La settimana delle obbligazioni: dopo la Fed, ora tocca alla Bce…
La settimana delle obbligazioni
La settimana delle obbligazioni
Negli Stati Uniti, la Fed ha annunciato il terzo taglio consecutivo dei tassi di interesse, riducendoli dello 0,25% e portandoli in un intervallo compreso tra il 3,5% e il 3,75%. Si tratta di una scelta che conferma un percorso di graduale allentamento, ma che allo stesso tempo evidenzia un orientamento prudente. All’interno del comitato non sono mancate divisioni: tre membri hanno espresso dissenso, due favorevoli a mantenere i tassi invariati e uno propenso a un taglio più ampio. Tuttavia, mettendo insieme le aspettative dei diversi componenti, emerge che per il 2026 è previsto un solo ulteriore taglio, segnale di una politica monetaria che intende procedere con cautela. Jerome Powell, il governatore della Fed, ha chiarito che l’attuale livello dei tassi è considerato adeguato a sostenere l’occupazione e mantenere sotto controllo l’inflazione, destinata a rientrare verso il 2% una volta superati gli effetti dei dazi. Dopo questo intervento, il presidente della Fed ha sottolineato che la politica monetaria si trova in una “buona posizione” per attendere e osservare l’evoluzione dell’economia prima di assumere nuove decisioni, escludendo la possibilità di un rialzo dei tassi fino al 2028. Le opzioni sul tavolo riguardano dunque una fase di pausa o eventuali ulteriori tagli, mentre nessun governatore immagina tassi superiori al 3,75-4% nei prossimi tre anni. In questo contesto, la Fed ha annunciato l’avvio di acquisti di titoli del Tesoro a breve termine, in particolare a due anni, per garantire un’ampia disponibilità di riserve, segnando un passaggio verso una gestione della liquidità più che della politica monetaria in senso stretto.

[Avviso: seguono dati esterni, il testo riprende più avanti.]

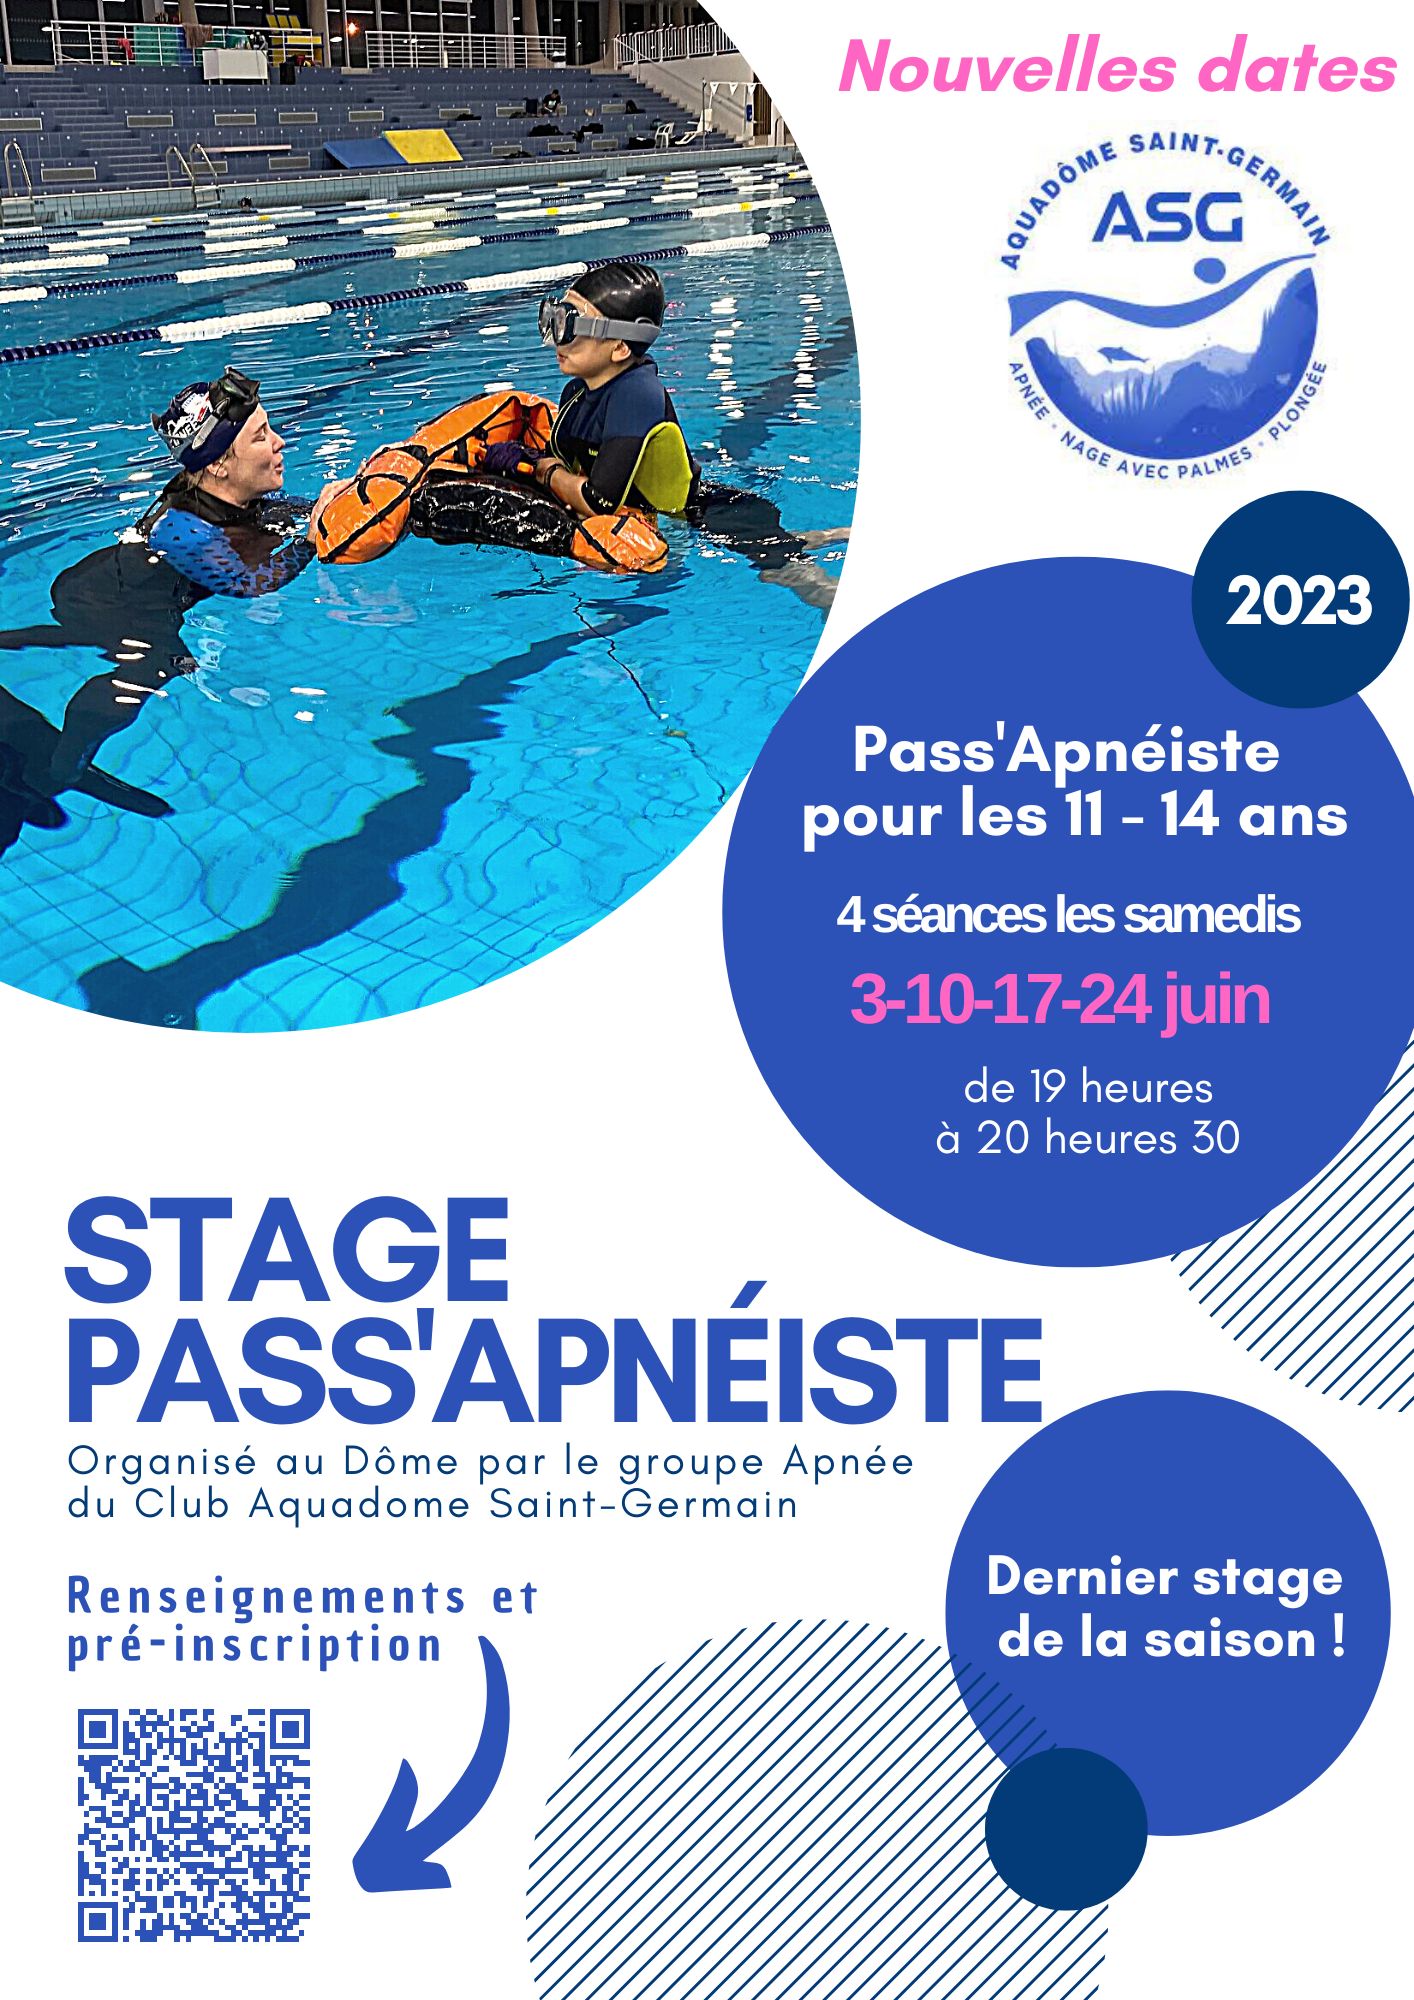 Poster 03 Stage Pass Apneiste mars avril 2023

In Europa, le parole della presidente Bce Lagarde hanno alimentato le aspettative su una possibile revisione al rialzo delle proiezioni di crescita dell’area euro già nella riunione di dicembre. Secondo Lagarde, la Bce potrebbe nuovamente migliorare le stime, dopo che i timori iniziali legati a dazi, rallentamento globale e concorrenza internazionale non si sono tradotti in un deterioramento marcato dell’attività economica. La presidente ha ribadito che la politica monetaria è in una buona posizione e che non è compito dei tassi risolvere problemi strutturali, rafforzando l’idea di una fase di stabilità per il costo del denaro. Insomma, niente taglio dei tassi nella riunione di questa settimana.

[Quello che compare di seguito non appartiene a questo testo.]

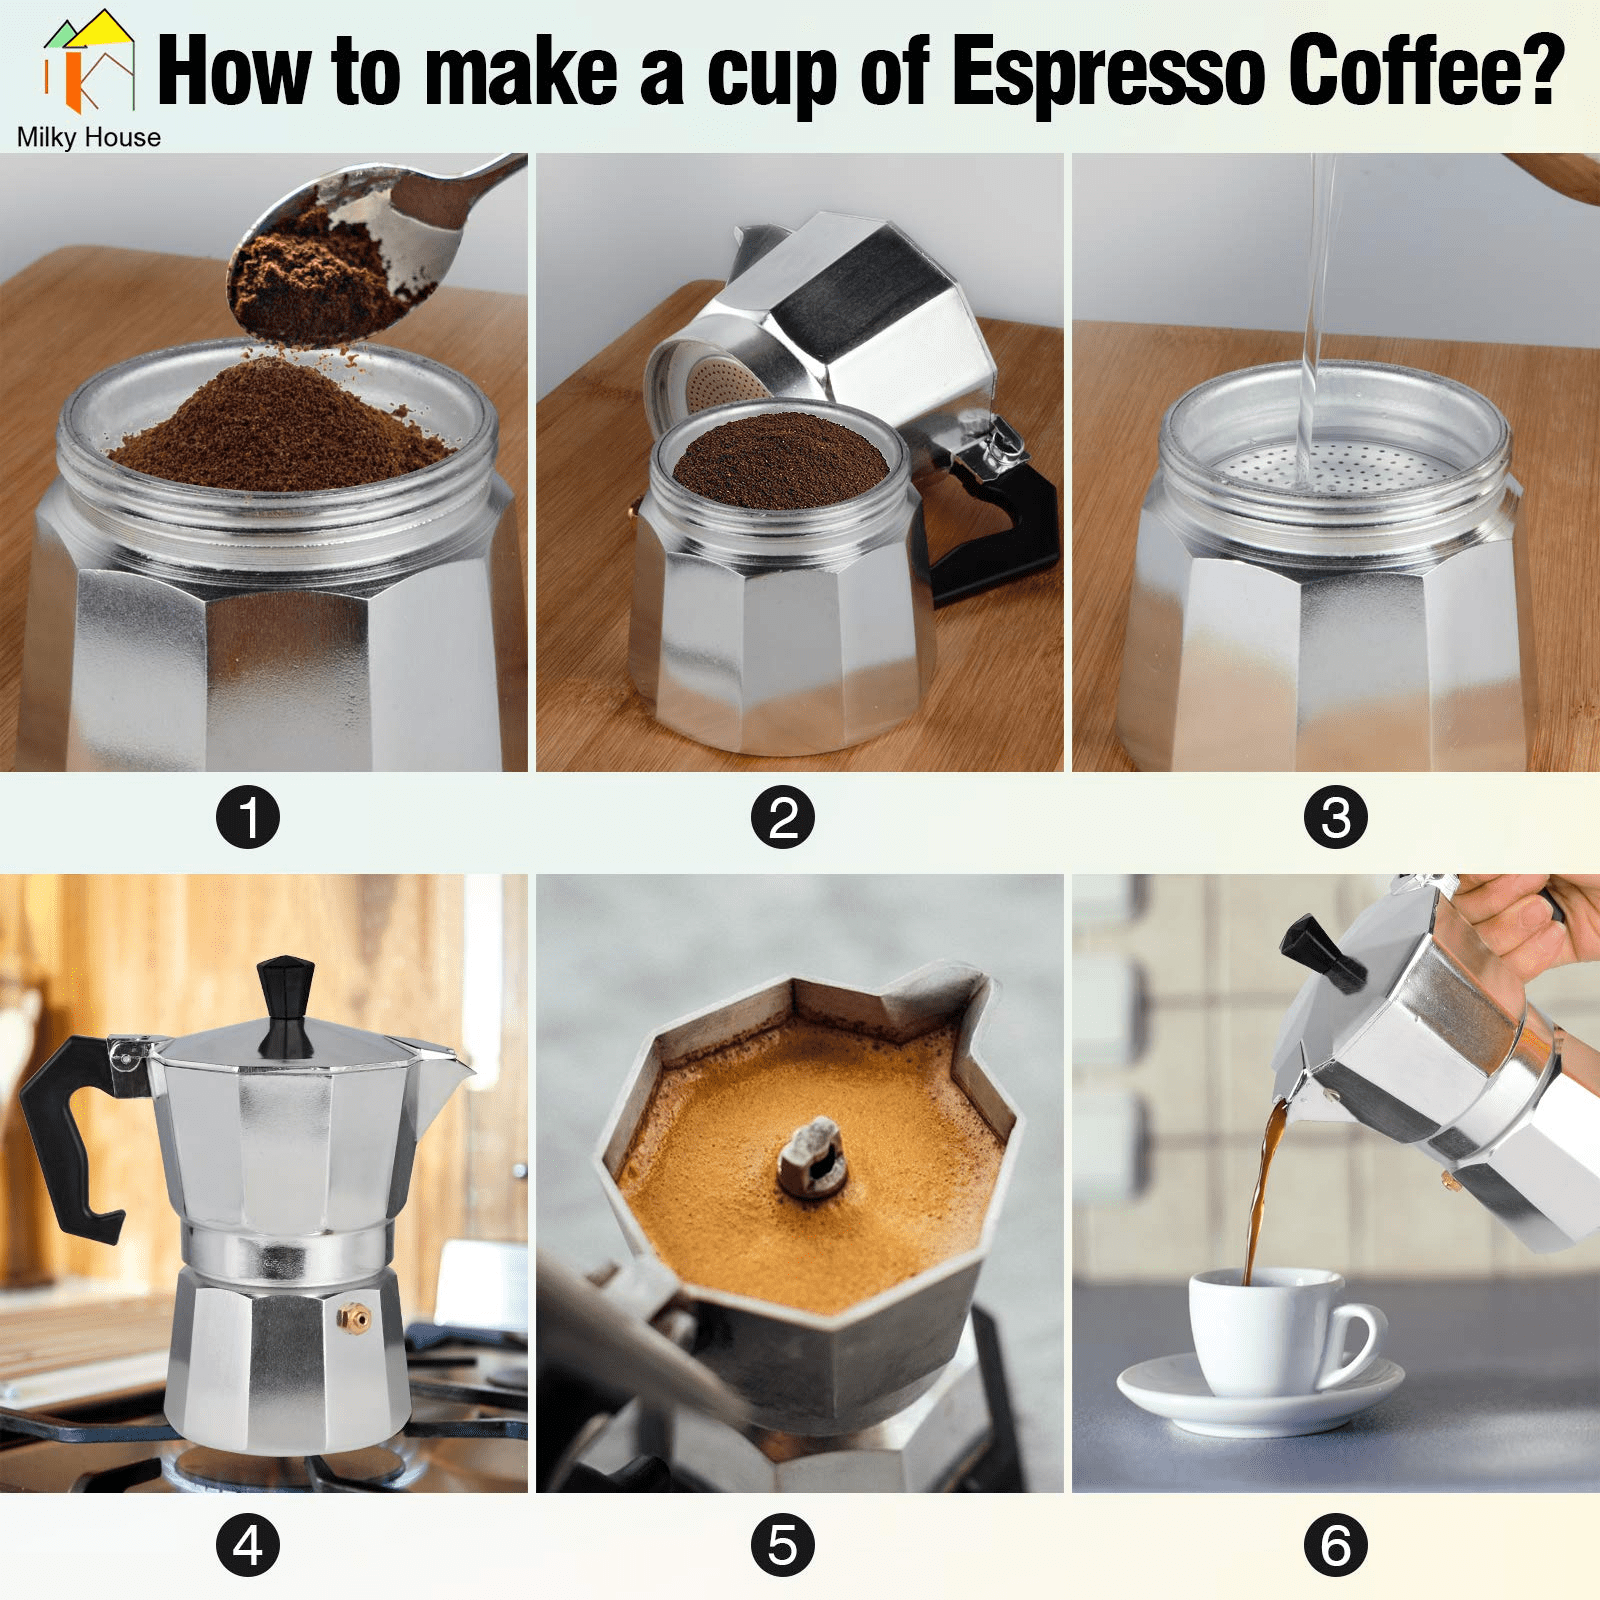 10 Steps To Making Espresso In A Moka, The Italian Coffee Pot

In questo scenario si inseriscono anche le decisioni di altre Banche centrali. La Banca nazionale svizzera ha confermato il tasso allo 0%, evitando il ritorno ai tassi negativi nonostante un’inflazione più debole, rivista al ribasso per il 2026 e il 2027, e una crescita attesa intorno all’1%. Il rafforzamento del franco e la stabilità del contesto globale hanno sostenuto questa scelta. La Banca centrale del Brasile ha mantenuto i tassi al 15%, il livello più alto degli ultimi vent’anni, adottando un approccio da falco in un contesto di inflazione ancora sopra l’obiettivo e di crescita debole. La Reserve Bank of Australia ha lasciato il tasso al 3,6%, segnalando che ulteriori tagli non sono imminenti, mentre la Bank of Canada ha mantenuto il tasso al 2,25%, giudicandolo adeguato in un contesto di resilienza economica ma di crescita futura moderata.